Required work:
Wherever a picture appears in the listing below, leave it out and reproduce the rest exactly.

Data:
══════════════════════════════
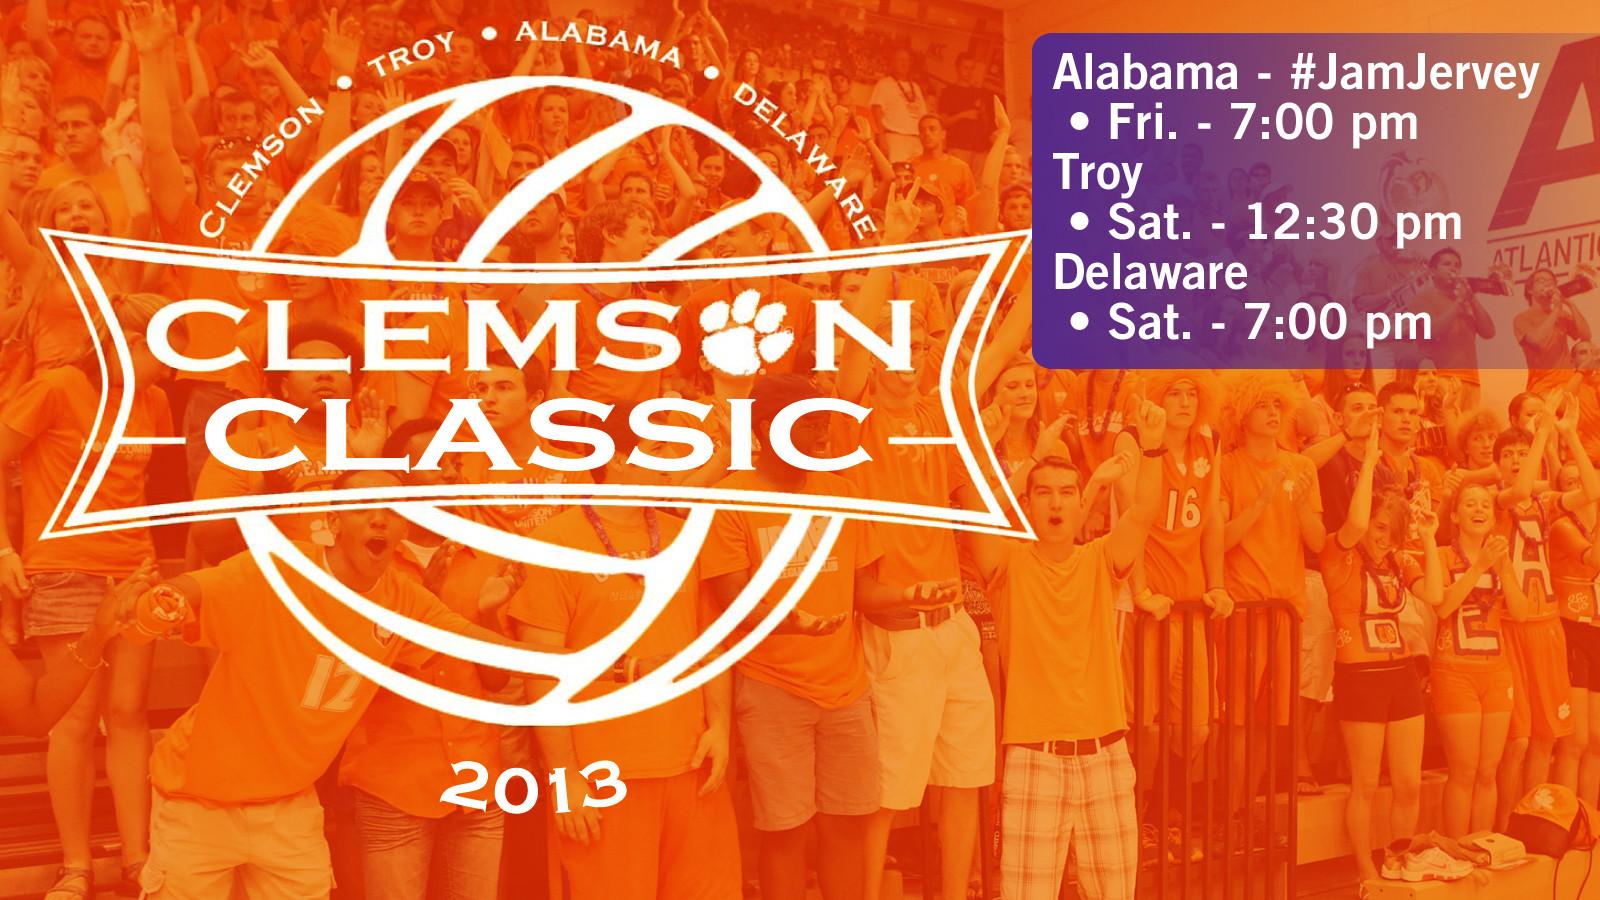 Volleyball (@ClemsonVB) Hosts Clemson Classic This Week
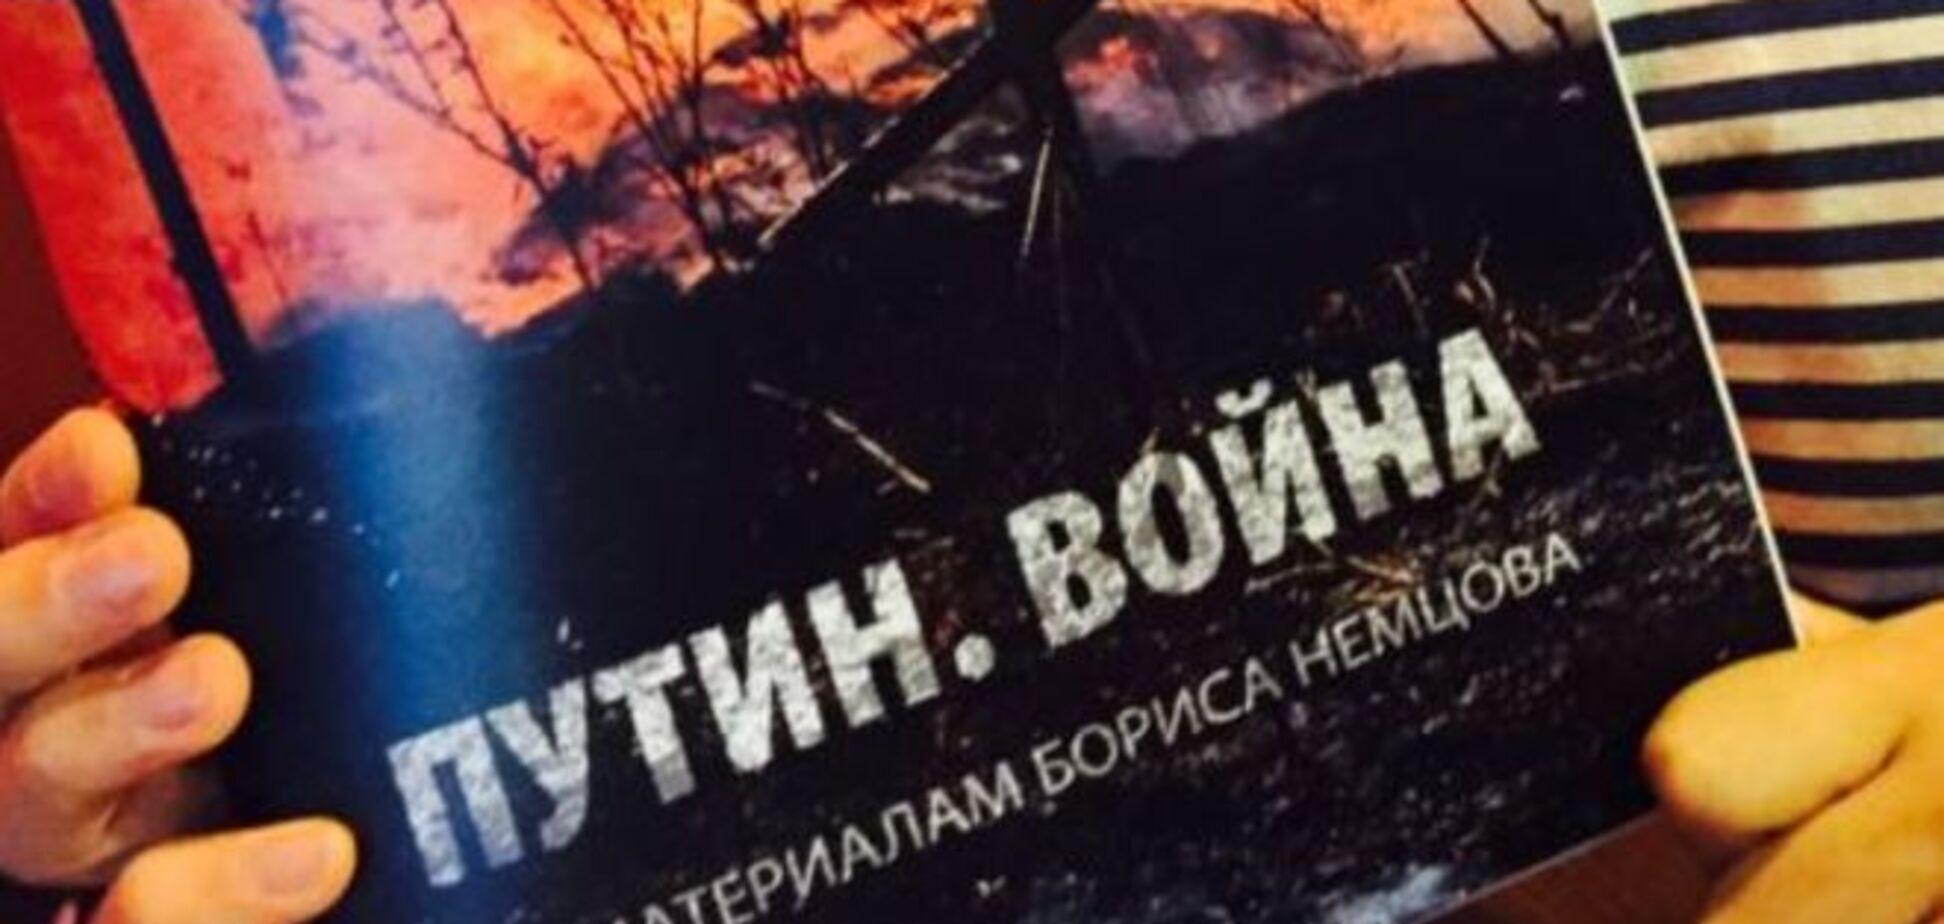 Презентация доклада Немцова о войне Путина в Украине: запись трансляции
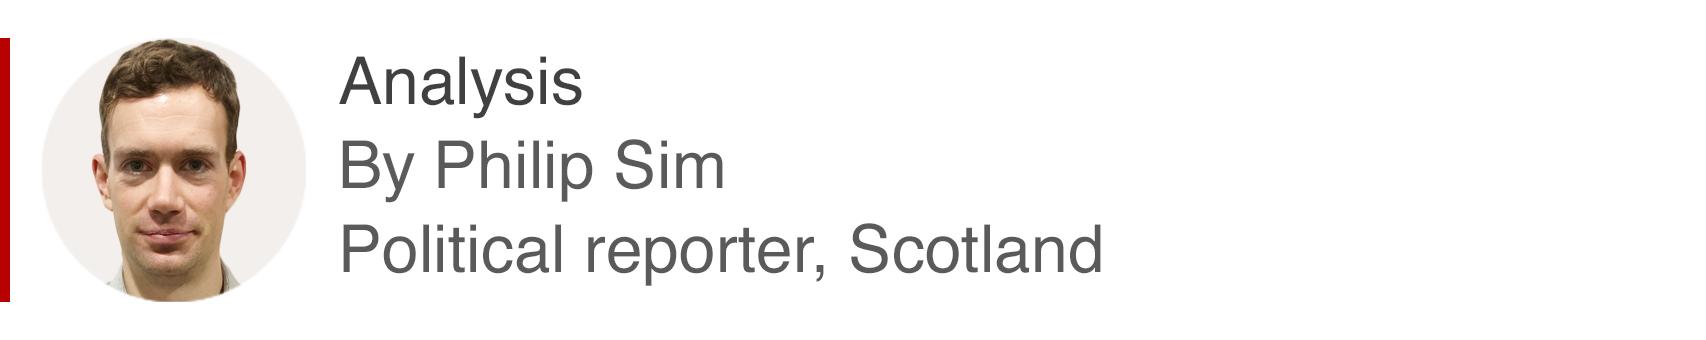 Analysis box by Philip Sim, political reporter, Scotland
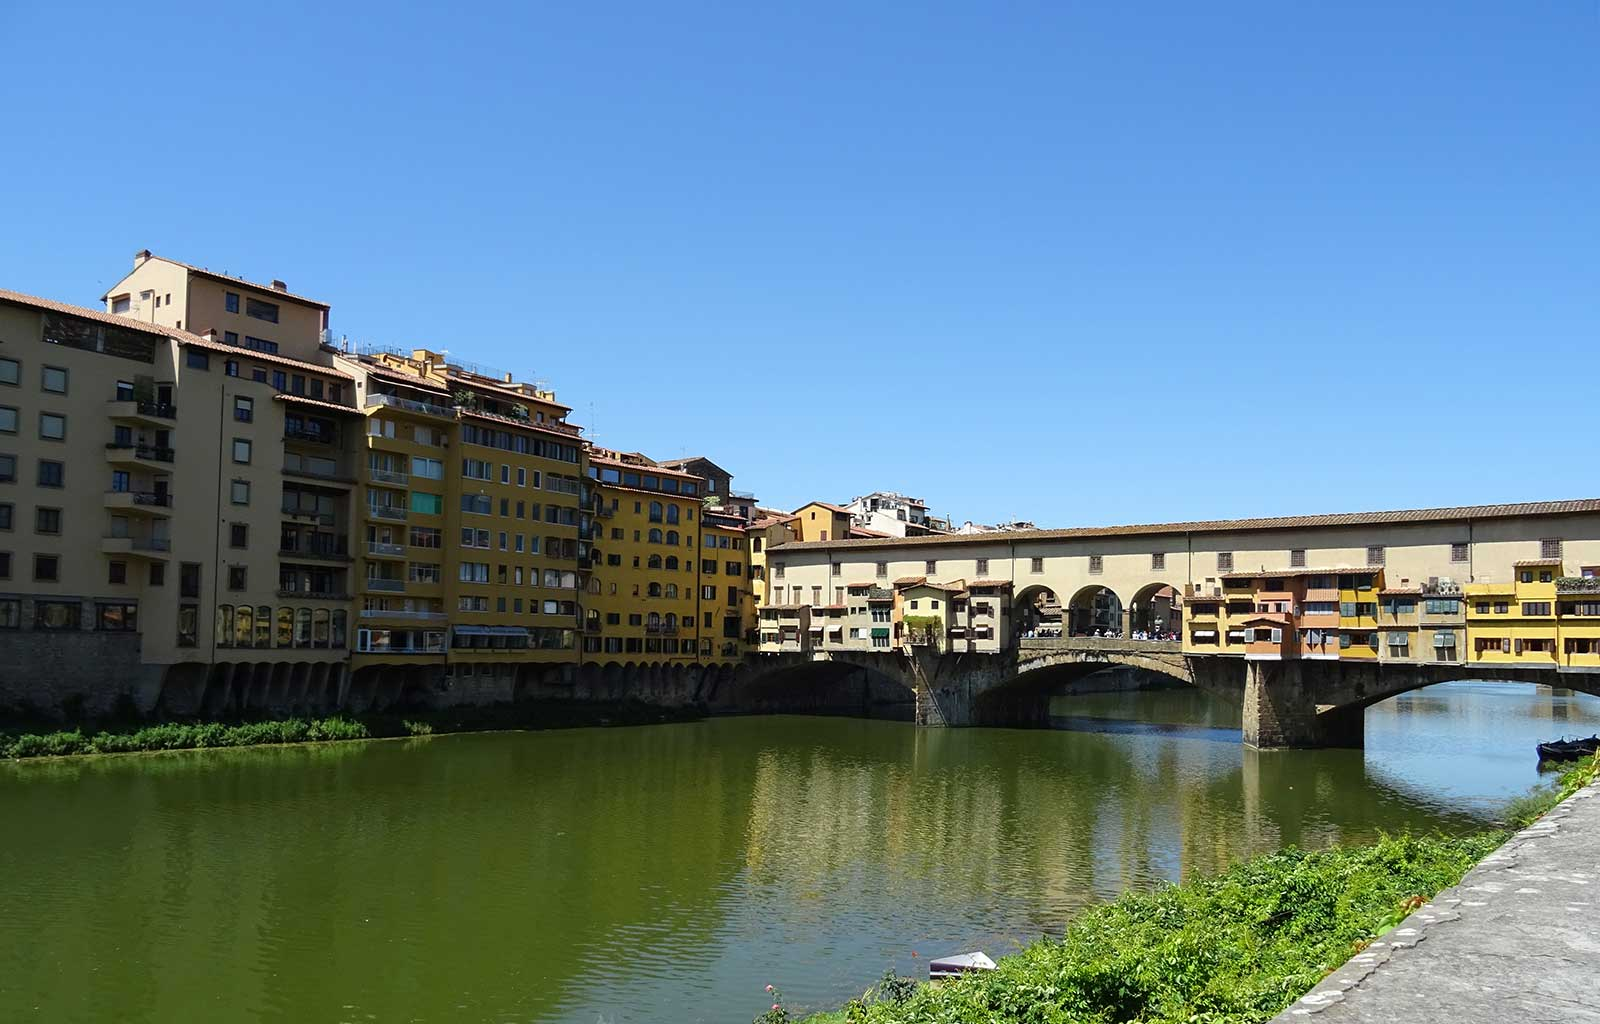 Voyage italie toscane Florence ponte vecchio
══════════════════════════════
Task solution:
 Volleyball (@ClemsonVB) Hosts Clemson Classic This Week
 Презентация доклада Немцова о войне Путина в Украине: запись трансляции
 Analysis box by Philip Sim, political reporter, Scotland
 Voyage italie toscane Florence ponte vecchio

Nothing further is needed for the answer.